In 2007, Safaricom launched a service that allowed people to send money without needing a bank account.
They were Kenya’s biggest telecoms network and they’d found a way to let people send money to each other using only their mobile phones.
They called it M-PESA.
Today, over 50 million people use M-PESA and $7 billion was transacted on it last month.
And on Friday (March 7th), M-PESA will turn 18 - so it’s fully an adult now.
But M-PESA’s success wasn’t built on just tech. It’s built on people - or in this case, agents.
They served as mini-banks, taking deposits and paying out cash to people.

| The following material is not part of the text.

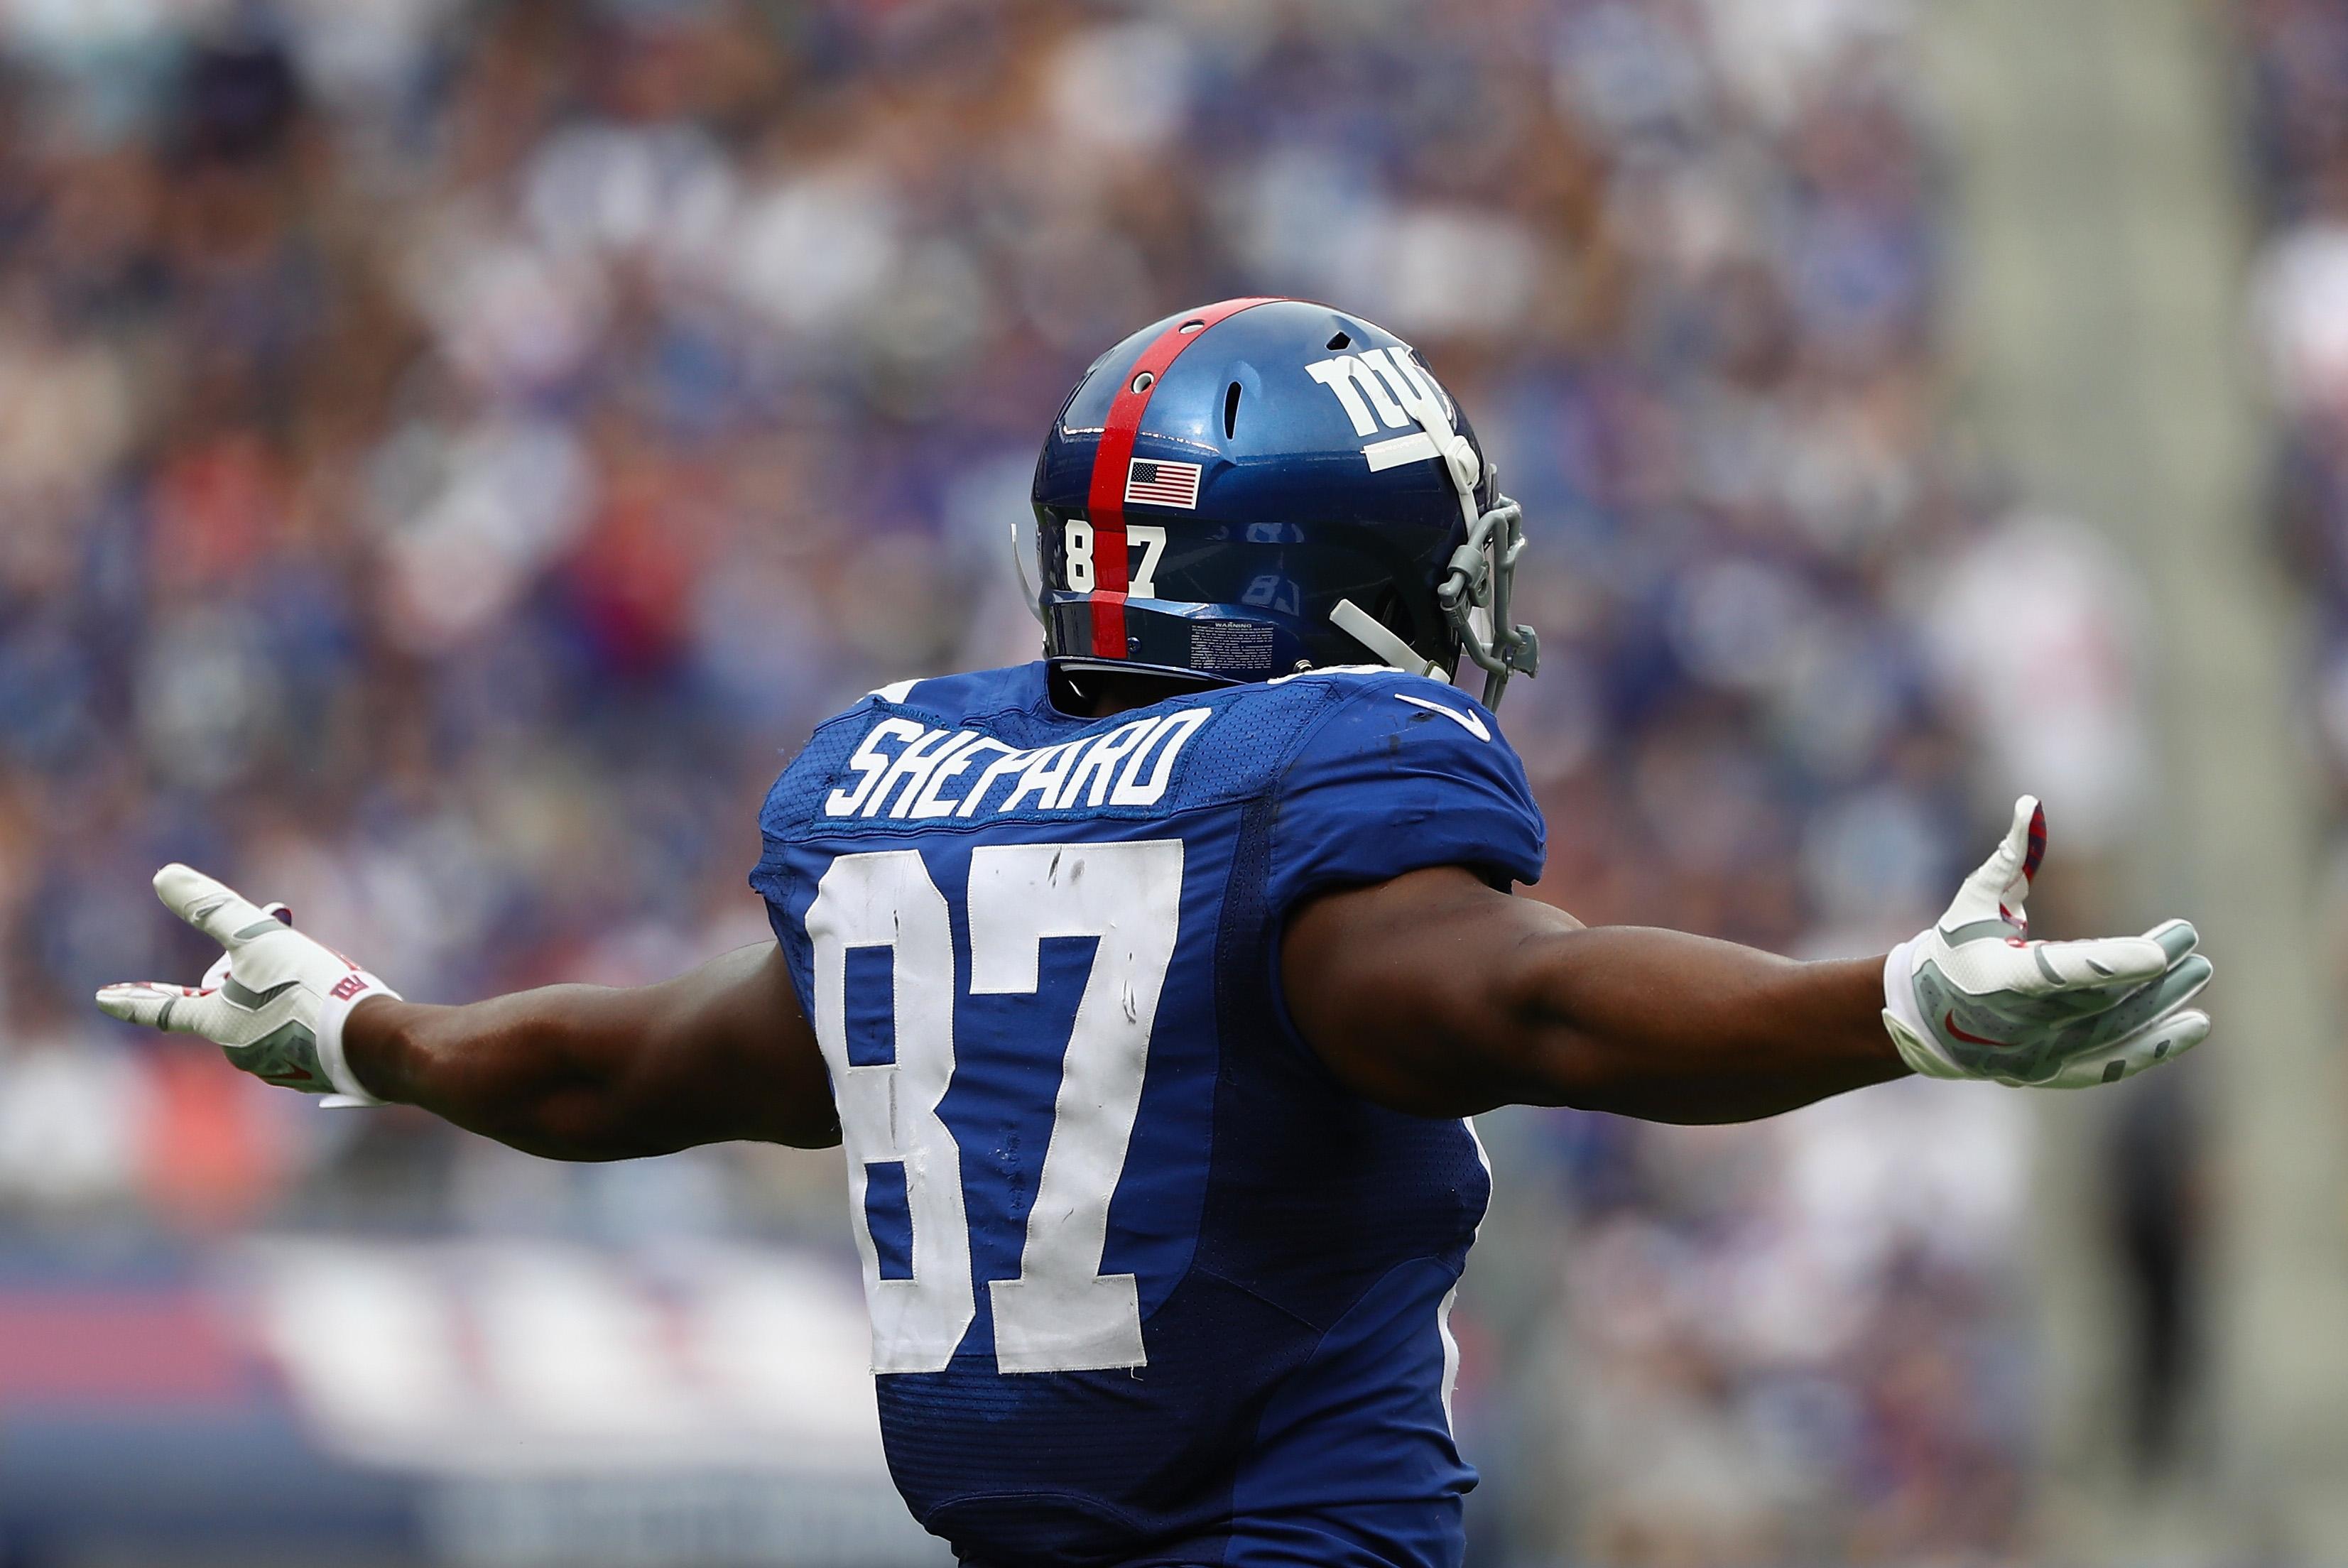 Ezekiel Elliott runs over Giants after stiff-arming Goodell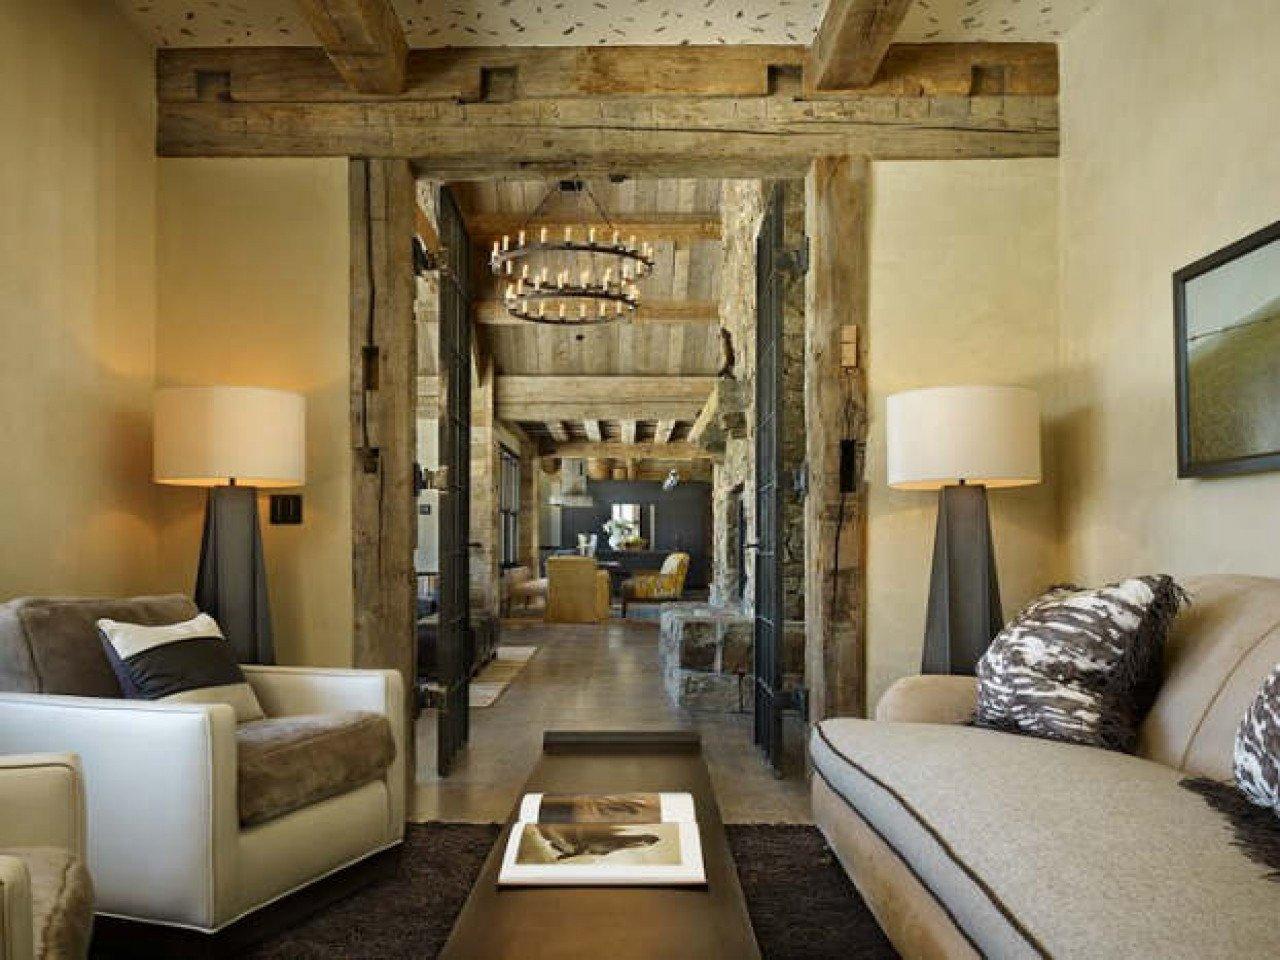 Comfortable Rustic Living Room Rustic Living Room Modern Rustic Living Room Design Ideas

And M-PESA has 60,000 of them.
Today's edition, the first in our IWD series, is about the first ever M-PESA agent: Agent 0001.
She left a booming career to start the first M-PESA agent shop, betting on a product that reshaped the continent.
And today, she’s one of Safaricom’s largest individual shareholders, with an empire spanning telecom, real estate, and hospitality.
But first, let’s go back to the beginning…
Started from the bottom
It's the year 2000 in Nairobi, and mobile phones are becoming more accessible.
It’s not obvious yet, but these small devices and a telecom boom would soon transform commerce and communication in the country.
Somewhere in this city is Esther Muchemi.
She’s a partner at PKF Consulting Partners, and comfortably sits in the top 1% earning bracket in Kenya (even by 2025 standards).
But she wants a new challenge. And her next move was met with big disapproval from family and friends.
Esther opened a small shop on Nairobi’s busy Koinange Street, selling airtime and SIM cards in the heart of the city's commercial district.
Koinange Street in Nairobi, where Esther Muchemi started her first shop.
That small shop grew into Samchi Telecom, a business that started by selling phone lines and airtime for Kenya’s two major telecom companies—Kencell (now Airtel) and Safaricom.
In the early days, Esther was the sole employee.
She also sold mobile phones, but that wasn’t what set her on the path to becoming one of Kenya’s most celebrated tech entrepreneurs.
By 2001, she made a decisive bet and went all in on Safaricom.
The demand for Safaricom airtime and SIM cards was rising.
And unlike Safaricom, which was scaling aggressively and quickly acquiring customers, Kencell’s bureaucratic dealership terms made scaling difficult.
So when Safaricom offered her the chance to be one of its main distributors, Esther jumped at it.
Overnight, she stripped her store of the competitor’s branding and doubled down on Safaricom products.
These were the first Safaricom airtime scratch cards. They were among Samchi’s highest selling products in the early days
The gamble paid off. Within a year, sales tripled, fueled by a growing customer base that trusted Safaricom’s superior network.
The demand was so high that she could barely keep up with stock.
In 2002, an expansion was inevitable, so she set up a second branch in Eastleigh, right in the heart of Nairobi.

Samchi is now a trusted name in Kenya's telecom space
By 2005, Samchi Telecom had grown into a multi-branch operation, establishing itself as a trusted name in Nairobi’s telecom retail space.
The success made Samchi Telecom an obvious choice for Safaricom’s next big experiment: M-PESA.
For six months, Samchi Telecom served as the first pilot location for M-PESA, helping them refine the service before the big rollout.
In October 2005, Safaricom expanded the pilot to 15 more agent stores, giving them phones preloaded with the M-PESA menu.
Then, on March 6, 2007, M-PESA officially launched, with Esther holding agent number 0001.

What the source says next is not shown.